Drug delivery collaborations……
Syngenix Ltd (Cambridge, UK) has signed an agreement with GlaxoWellcome (Research Triangle Park, NC, USA) for the
drug delivery of one of GlaxoWellcome’s drug candidates. Glaxo R&D will use the neuronal drug delivery technology from
SynGenix, ProVector, to target their drug for neuropathic pain directly to sites within the nerve.
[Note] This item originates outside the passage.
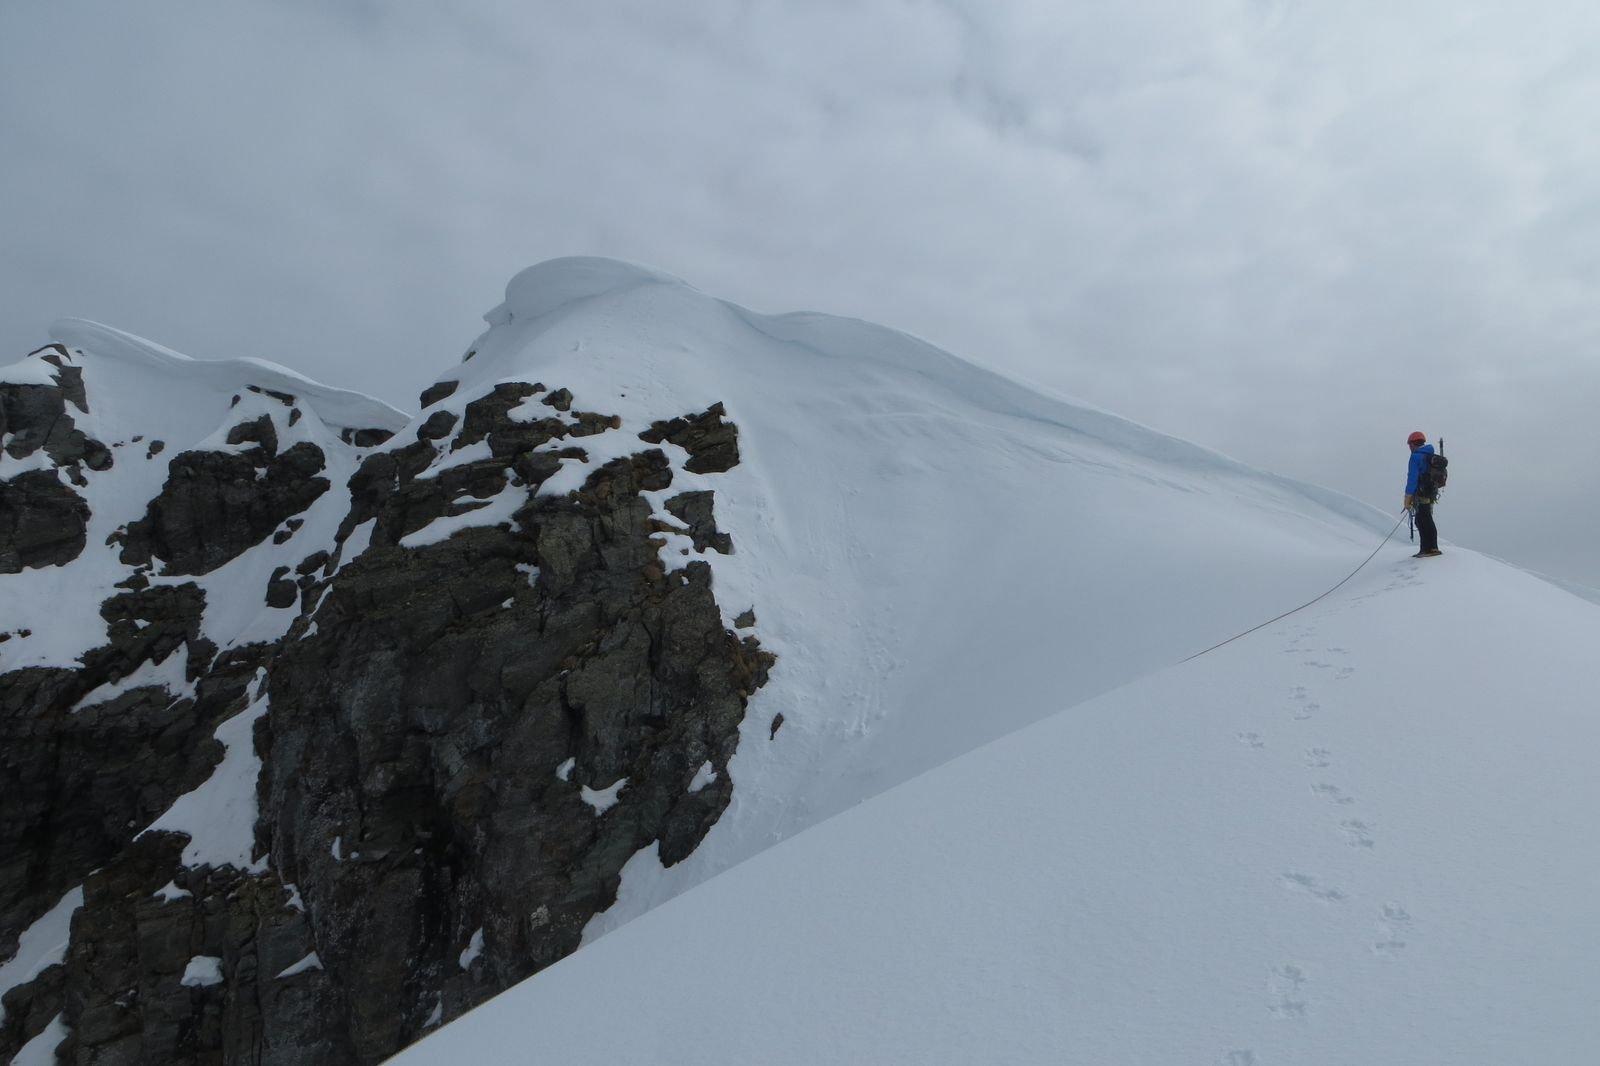 all'uscita in cresta cornici patagoniche incombono sul prosieguo verso la vetta :-o
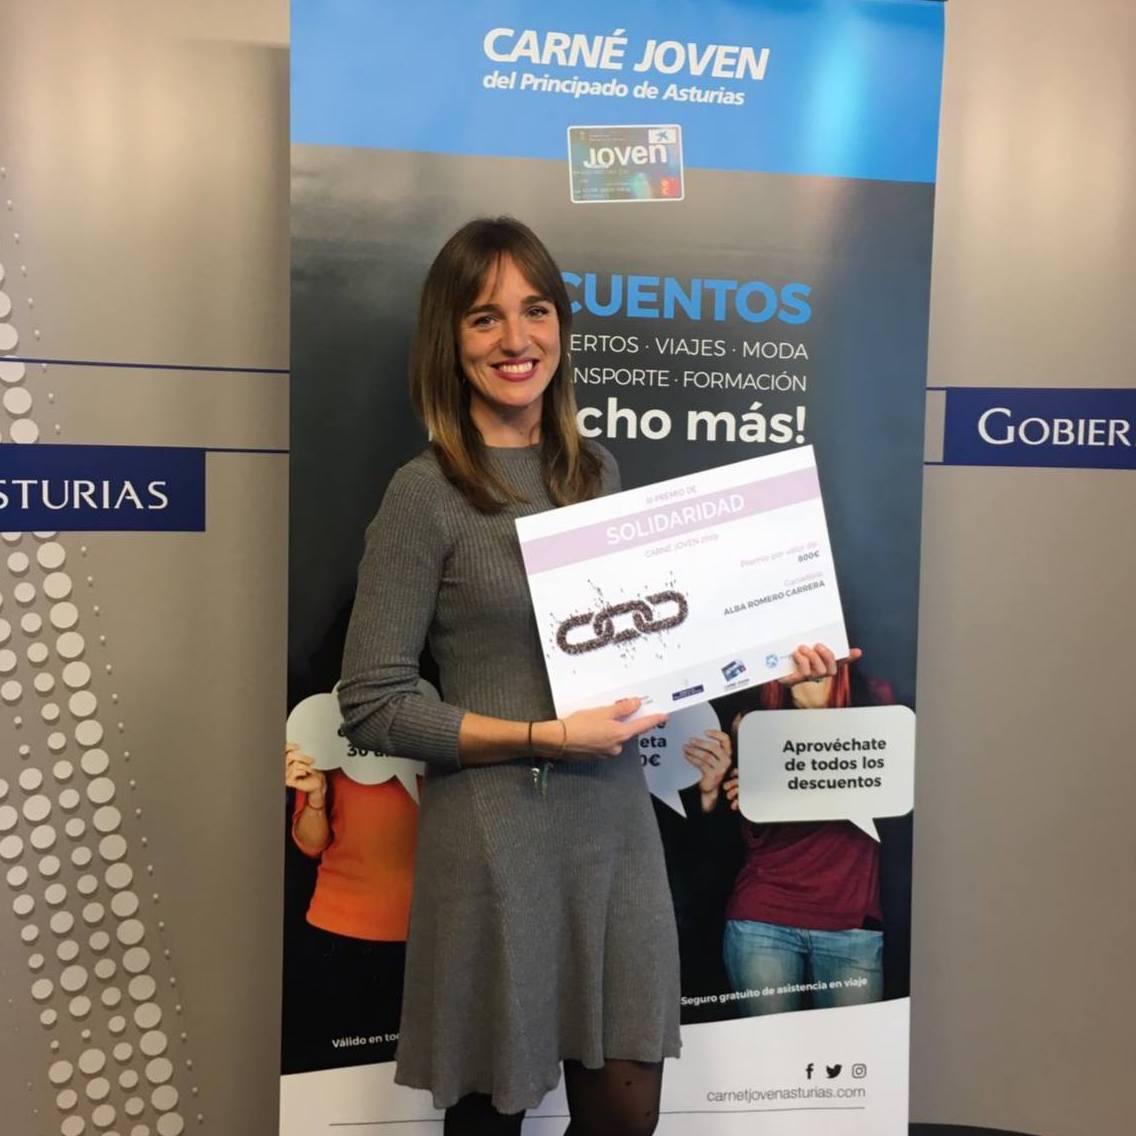 La Asociación Alienta, impulsada por Alba Romero, gana el Premio de Solidaridad Carné Joven 2019 del Principado de Asturias

This system is hoped to en-
able much higher therapeutic doses to be achieved while minimizing the potential for adverse effects. The system is also said
to enable the delivery of large molecules that would otherwise be broken down in the body. The financial details of the
agreement were not disclosed.
Bradford Particle Design (BPD; Bradford, UK) has signed a licensing agreement with Bristol-Myers Squibb (BMS;
Princeton, NJ, USA) to provide BMS access to their supercritical fluid technology for controlling the formation of dry powder
particles. BMS paid BPD an undisclosed up-front licence fee for the knowledge and equipment, and for clinical trial materials
for specific collaborative projects. ‘Engineered pharmaceutical powders are playing an increasingly important role in
enabling new drugs and adding value to currently marketed products,’ said Ronald L. Smith, Director of Exploratory
Biopharmaceutics and Drug Delivery, BMS Research Institute. ‘This agreement strengthens our research and pharmaceutical
development platform by allowing us to apply proprietary technologies to our innovative drug products.’